Welcome back. Integration by parts is a very useful technique that usually shows up in introductory calculus courses. It allows us to efficiently integrate the product of two functions by transforming a difficult integral into an easier one. When working with a single variable, the integration by parts formula appears as follows:
∫[a,b] g(x) (df/dx) dx = g(b)f(b) – g(a)f(a) – ∫[a,b] f(x) (dg/dx) dx.
Essentially, we are exchanging an integral of “g df/dx” for an integral of “f dg/dx” which, if we choose f and g in a clever fashion, makes life easier.
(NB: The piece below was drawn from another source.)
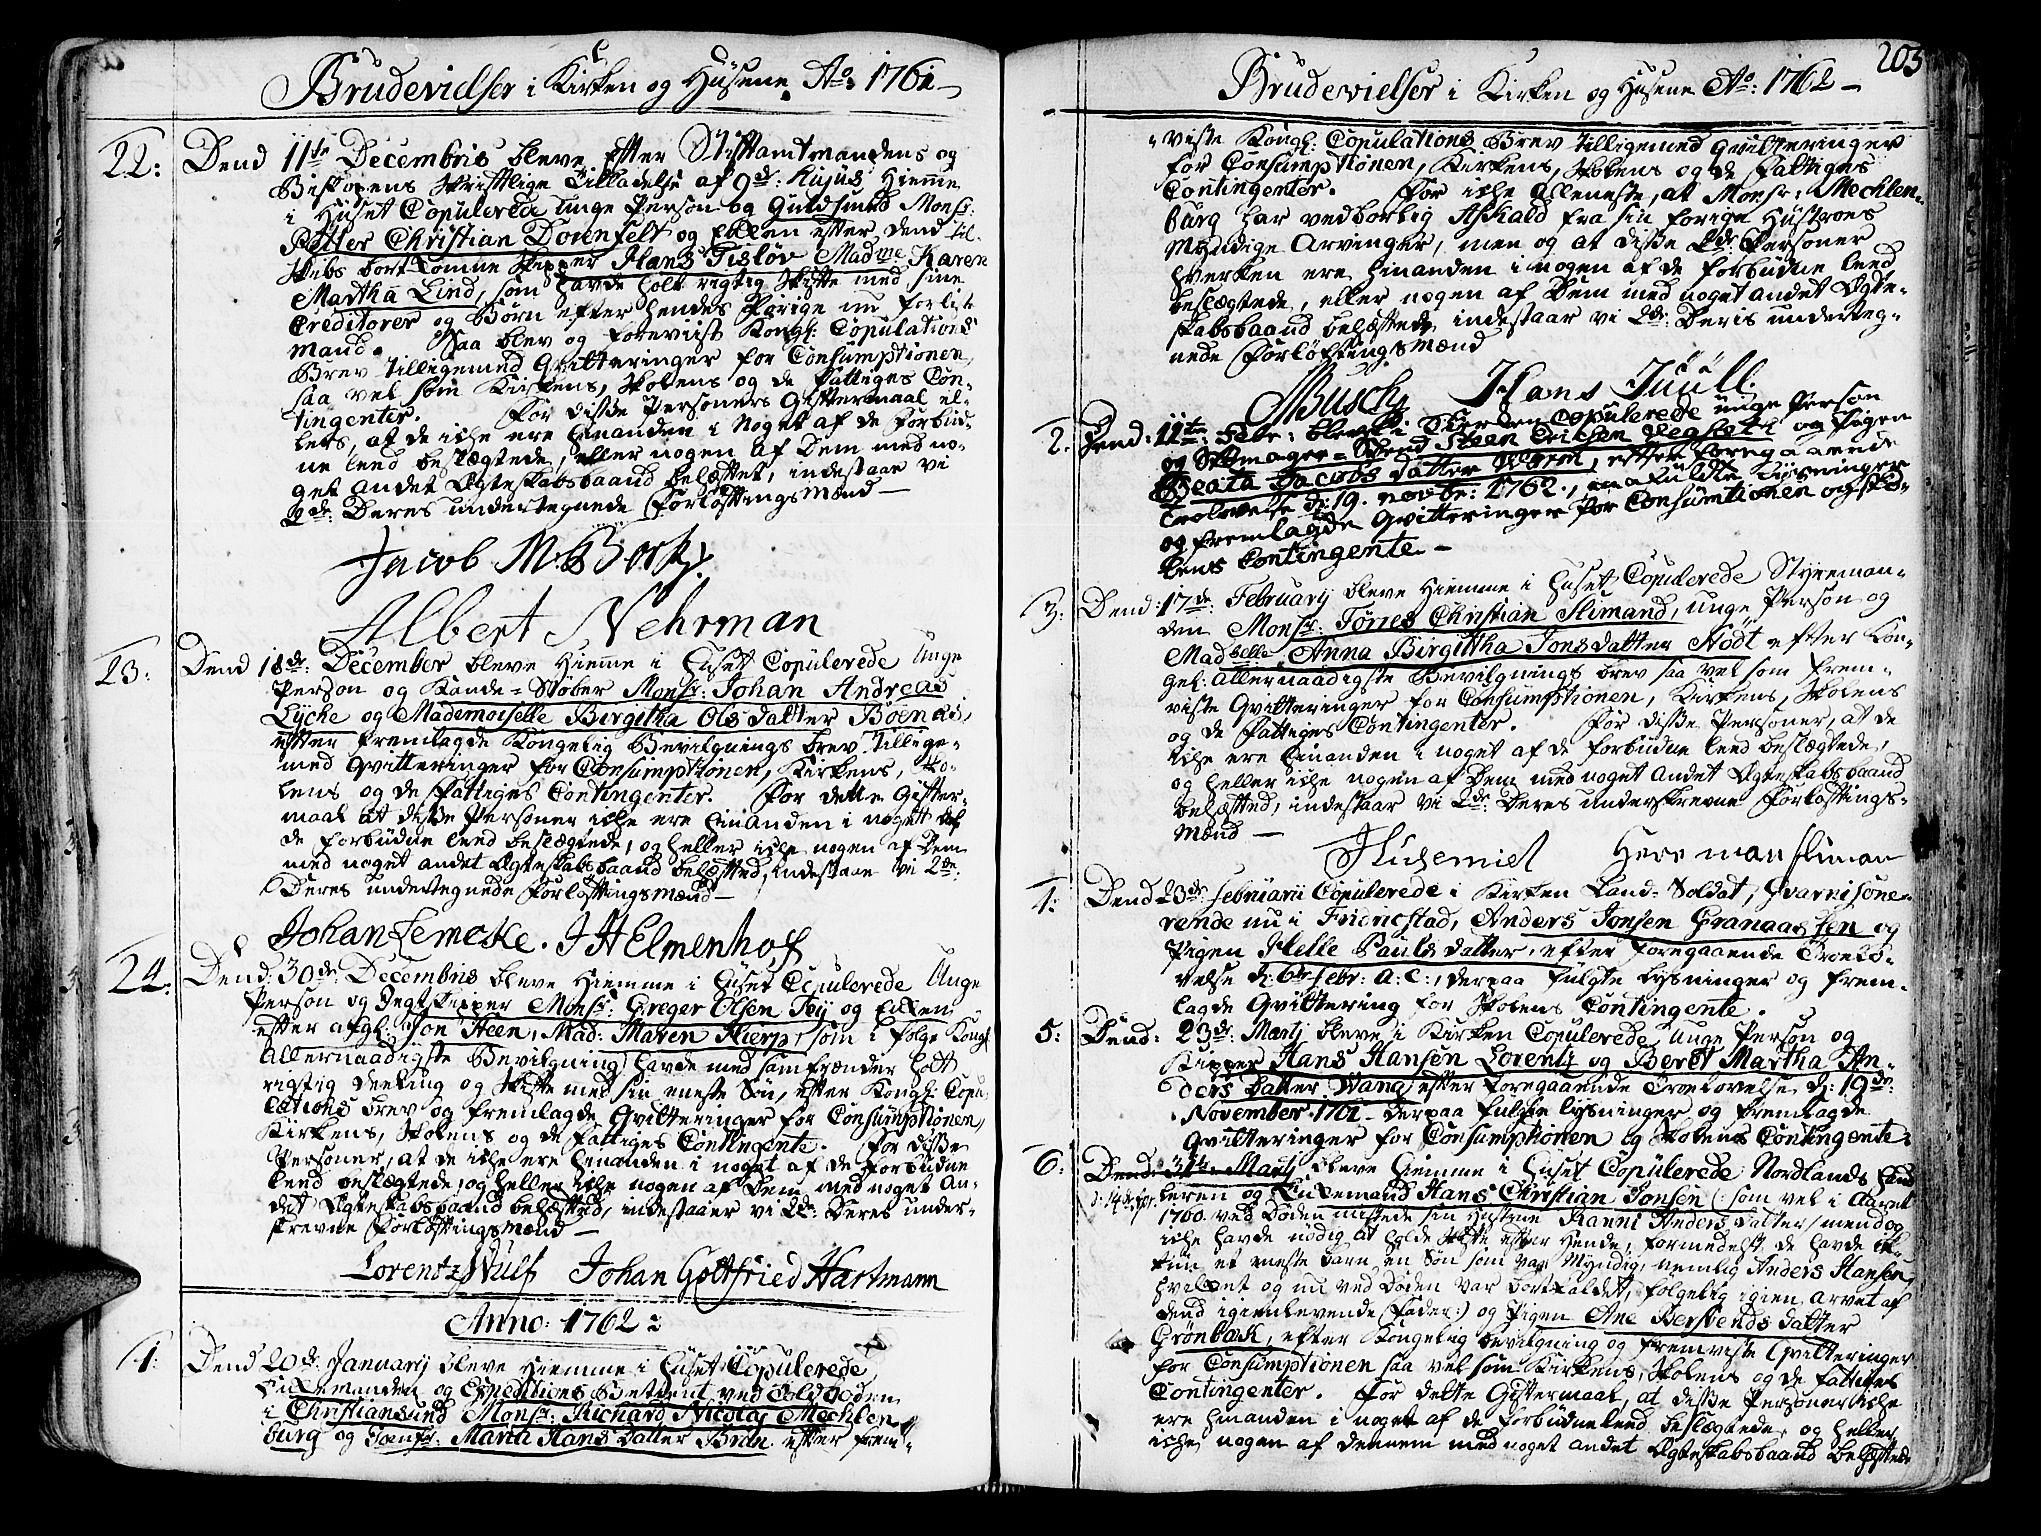 SAT, Ministerialprotokoller, klokkerbøker og fødselsregistre - Sør-Trøndelag, 602/L0103: Ministerialbok nr. 602A01, 1732-1774, s. 205
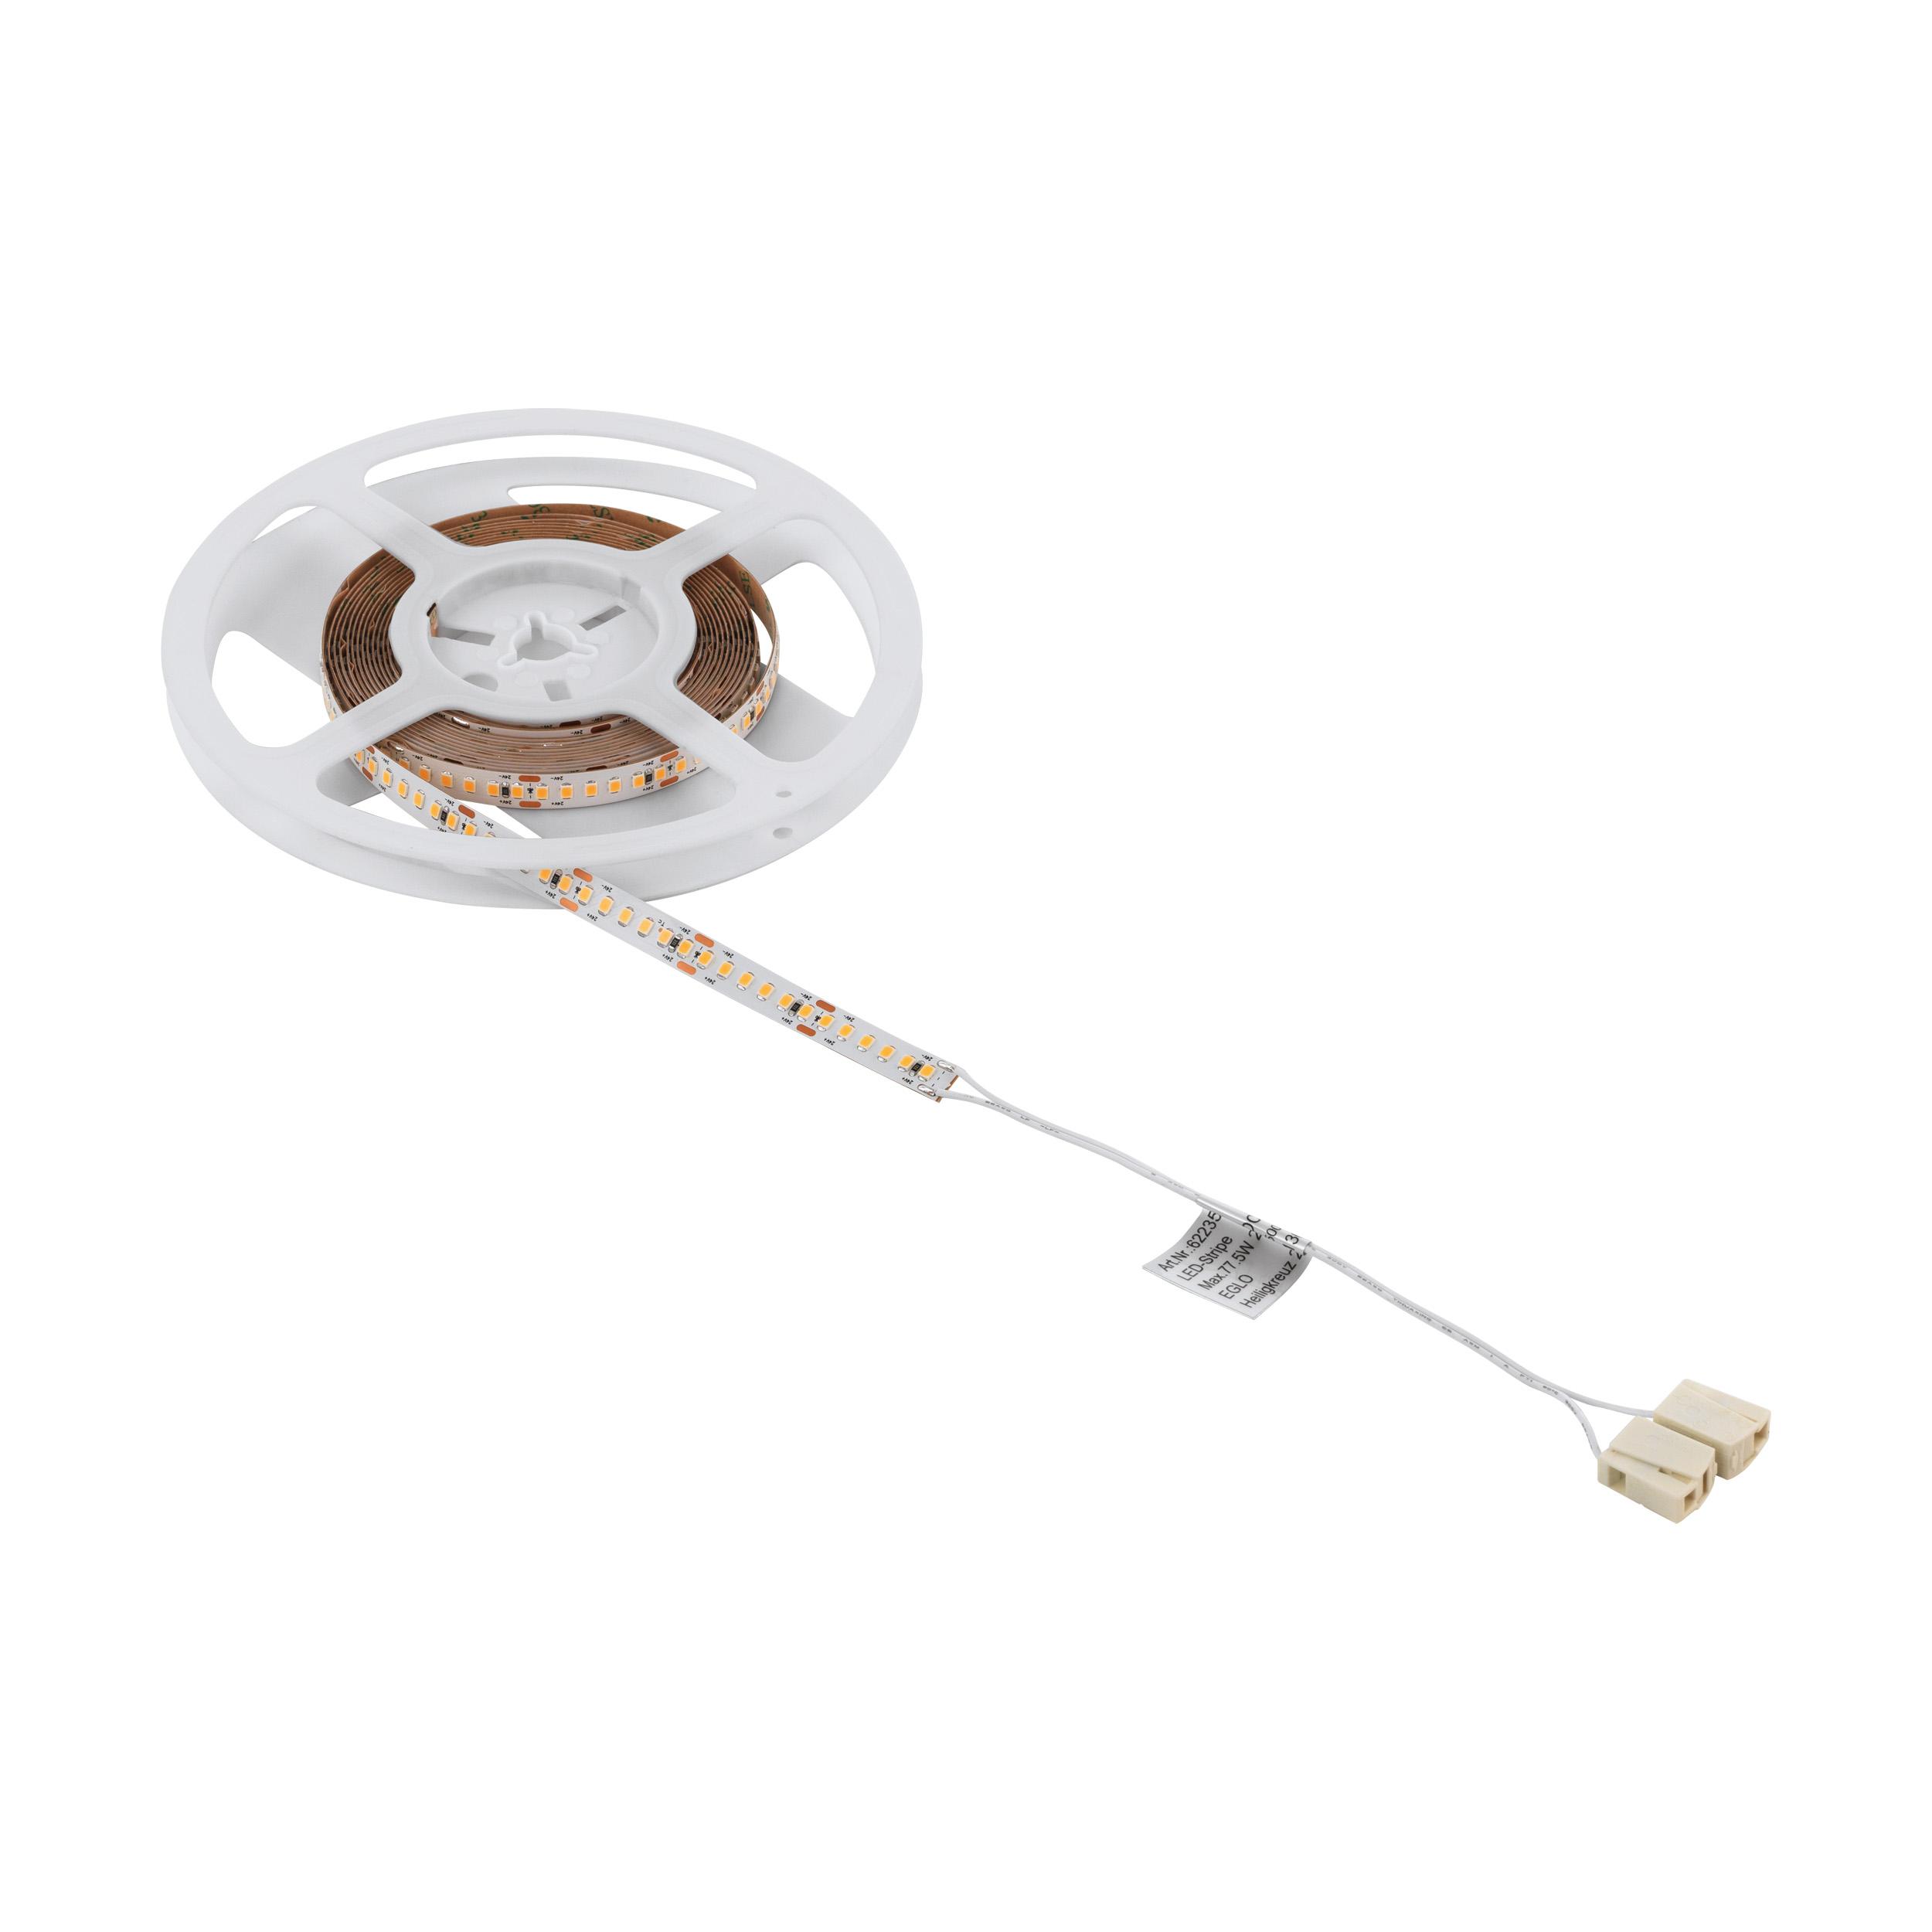 1 Stk LED-STRIPE 20m Rolle, Angabe per Meter 5,5W/mW 2700K IP20 LI63291---

In this blog post, we will (informally) derive the higher dimensional analogue to integration by parts and leverage that formula to uncover some interesting properties of harmonic functions. In case a reminder is needed, we say that a function, u(x), from ℝn to ℝ is harmonic if ∇•∇u = ∆u = 0.
Suppose that we have a scalar function g(x) from an open bounded subset, G, of ℝn to ℝ and a vector field F(x) that assigns an n-dimensional vector to every point in the domain G. If we wish to find the divergence of the product gF, we can make use of the following identity:
∇ • (g F) = ∇g • F + g (∇ • F).
Note here that the left and right-hand-sides of the equation are scalars. Our next step will be to integrate both sides of the equation over the domain G:
∫G ∇ • (g F) = ∫G (∇g • F) + ∫G g (∇ • F).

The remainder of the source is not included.